Data.
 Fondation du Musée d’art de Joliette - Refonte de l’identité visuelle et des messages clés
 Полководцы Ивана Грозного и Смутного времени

--

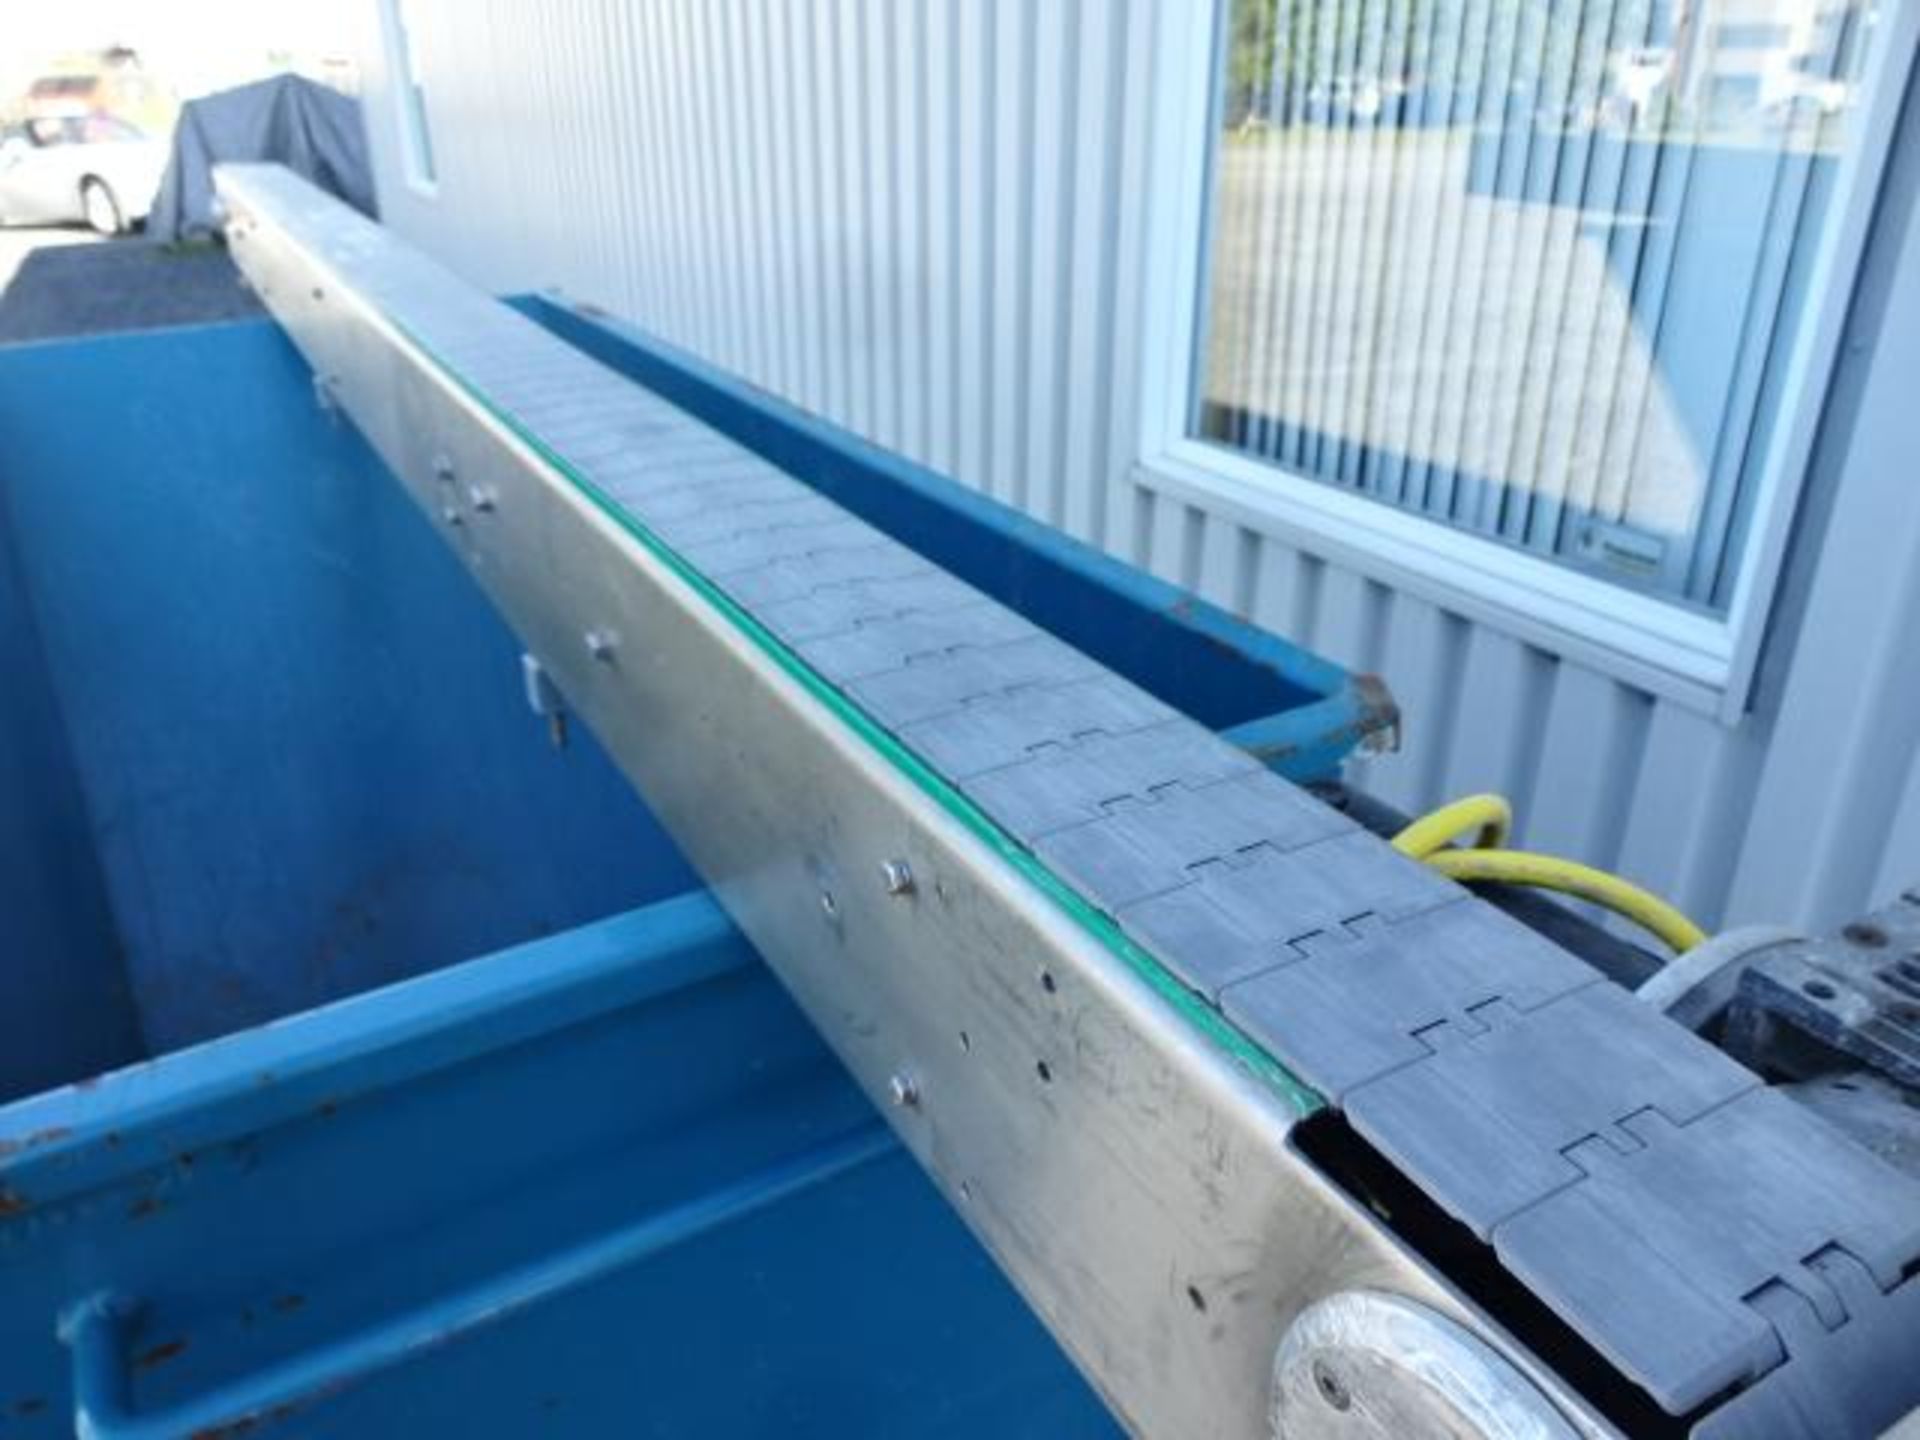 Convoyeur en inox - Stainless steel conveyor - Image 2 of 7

==

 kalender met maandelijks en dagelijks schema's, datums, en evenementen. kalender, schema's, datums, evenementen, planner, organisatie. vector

Task to complete. Scan the records above for the lines holding "Fondation du Musée" and "Полководцы Ивана Грозного и Смутного времени". Transcribe those two and every line between them word for word, and no others.

Exercise solution.
 Fondation du Musée d’art de Joliette - Refonte de l’identité visuelle et des messages clés
 Полководцы Ивана Грозного и Смутного времени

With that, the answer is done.